Universidade como “trincheira enorme da resistência”
“Graças à consciência dessa autonomia, a universidade pode ser hoje uma trincheira enorme da resistência. Não só democrática, mas da agregação de uma consciência crítica para fazer avançar, na utopia, um futuro que temos que disputar nesse contexto dramático. E por isso ela é muito atacada. E por isso ela é o adversário a confrontar. Nessa semana, o ministro da Educação (Milton Ribeiro) veio dizer que ‘os professores precisavam trabalhar’, mas os professores não pararam de trabalhar. Nós estamos fazendo três semestres em um ano. O que os professores estão fazendo é um trabalho que não prejudique a saúde pública. Basta o governo para fazer esse prejuízo”.
“No Brasil, a gente morre de fome, a gente morre por depressão, a gente morre por bala perdida, mas o que mata no país é o desgoverno. E somos nós, na universidade, que temos exercitado essa consciência crítica e oposta às tentações autoritárias. A nossa capacidade de esgrimir argumentos, de demonstrar falácia das necropolíticas, e também de nos aliarmos com as nossas institucionalidades corporativas, como as associações dos docentes, como as entidades que organizam atividades colegiada dos dirigentes, para poder salvaguardar o sentido e o alcance dessa luta”.
Acompanhe a série de lives #EMPAUTA
As transmissões ao vivo anteriores tiveram início em julho de 2019, pouco antes do processo de intervenção pelo governo Bolsonaro na UFC e ganharam força em 2020, durante a pandemia e impulsionadas também pela necessidade de isolamento social. Além da democracia universitária, o projeto #EMPAUTA já trouxe discussões acerca de temas como: reforma da previdência, desinformação, ensino remoto, racismo estrutural e questões de gênero, direito à saúde e à educação, ações afirmativas nas universidades públicas cearenses, financiamento público e imposto sobre grandes fortunas, entre outros. As últimas 13 lives realizadas pela ADUFC podem ser assistidas, na íntegra, no canal do sindicato no YouTube:
. Em Pauta #1 | “Reforma pra quem? Uma conversa sobre a Reforma da Previdência” (19/7/2019)
. Em Pauta #2 | “Prevenção do Coronavírus e a importância do SUS no combate à pandemia” (18/3/2020)
. Em Pauta #3 | “Preservação da vida ou do mercado?” (28/3/2020)

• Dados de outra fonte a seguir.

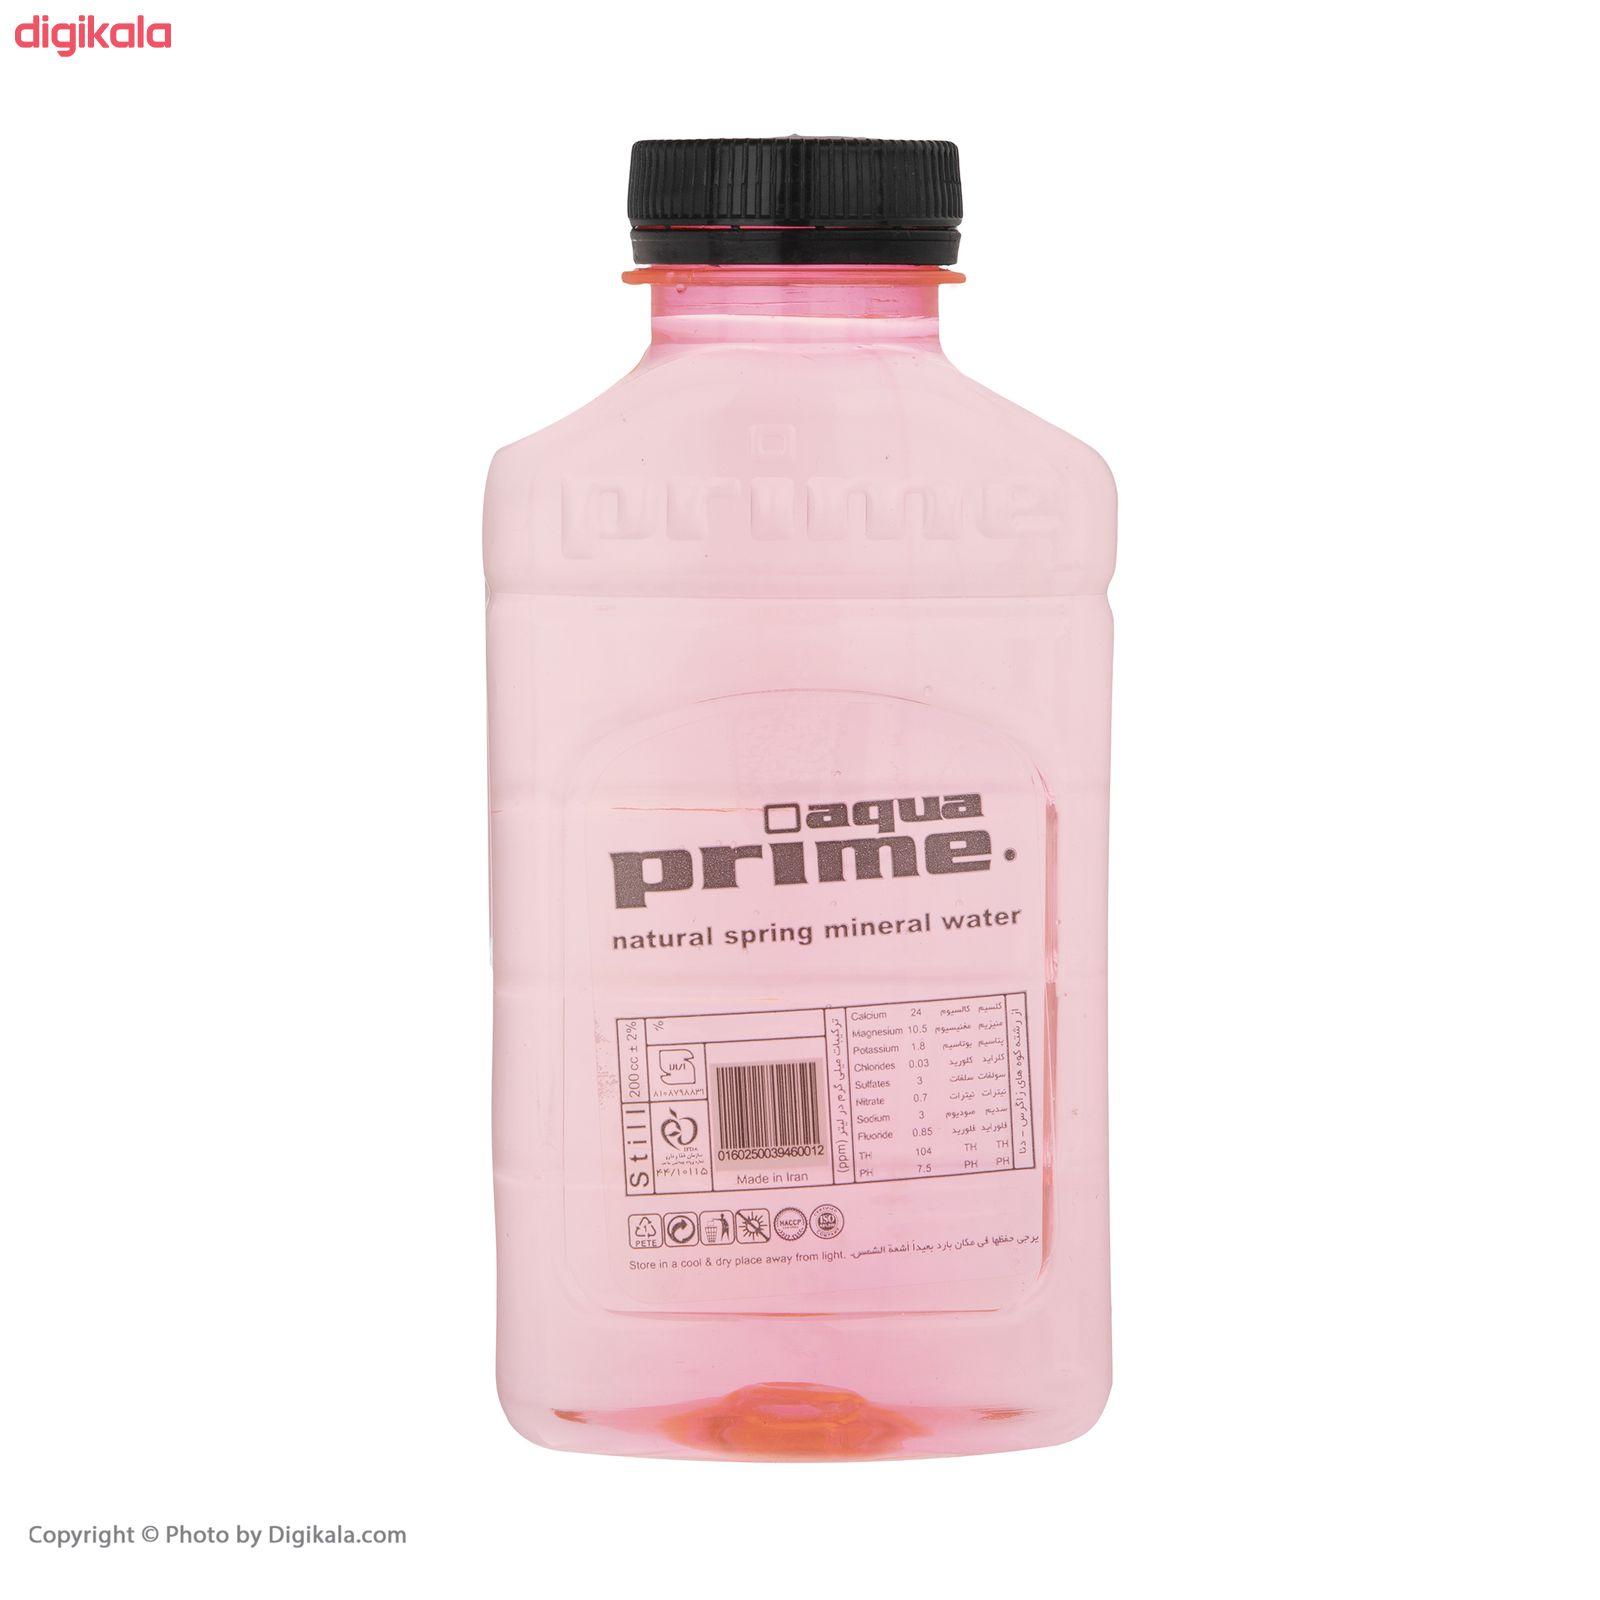 آب معدنی آکوا پرایم - 200 میلی لیتر بسته 18 عددی main 1 5
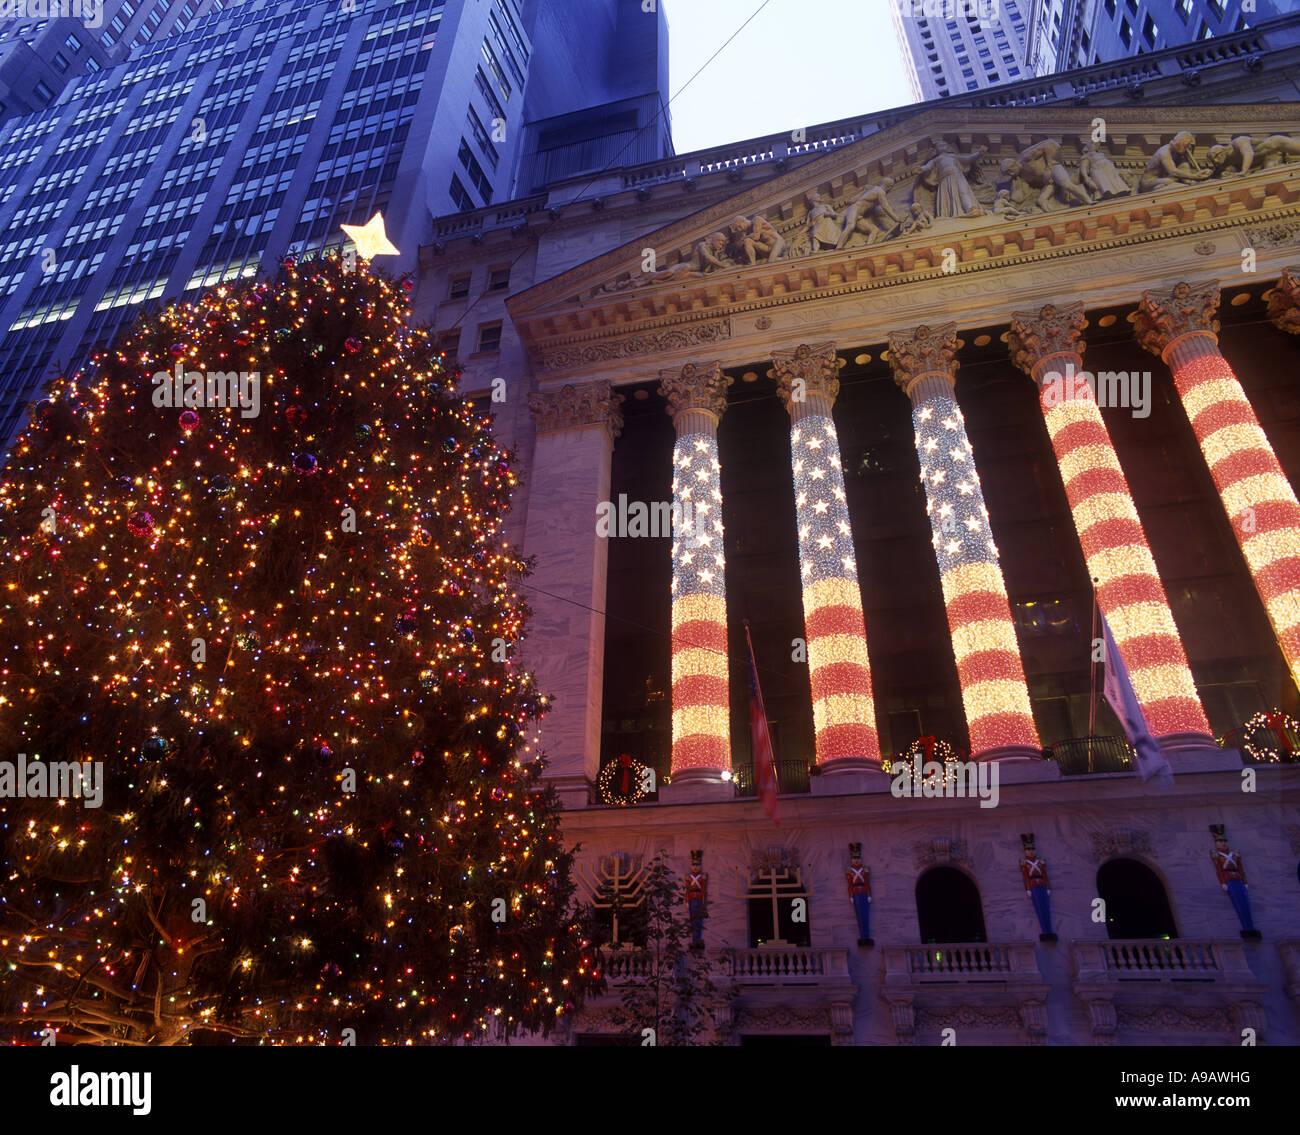 CHRISTMAS TREE LIGHTS WALL STREET STOCK EXCHANGE BUILDING DOWNTOWN

. Em Pauta #4 | “Fake News e vigilância tecnológica em meio à pandemia: Desafios para a Democracia?” (3/4/2020)
. Em Pauta #5 | “Ensino Remoto na pandemia e os impactos na educação pública?” (13/4/2020)
. Em Pauta #6 | “Racismo Estrutural e a Covid-19: desigualdades sociais e raciais” (22/4/2020)
. Em Pauta #7 | “Trabalho remoto e questões de gênero” (30/4/2020)
. Em Pauta #8 | “Democracia Universitária: uma experiência avançada sob ataque” (27/5/2020)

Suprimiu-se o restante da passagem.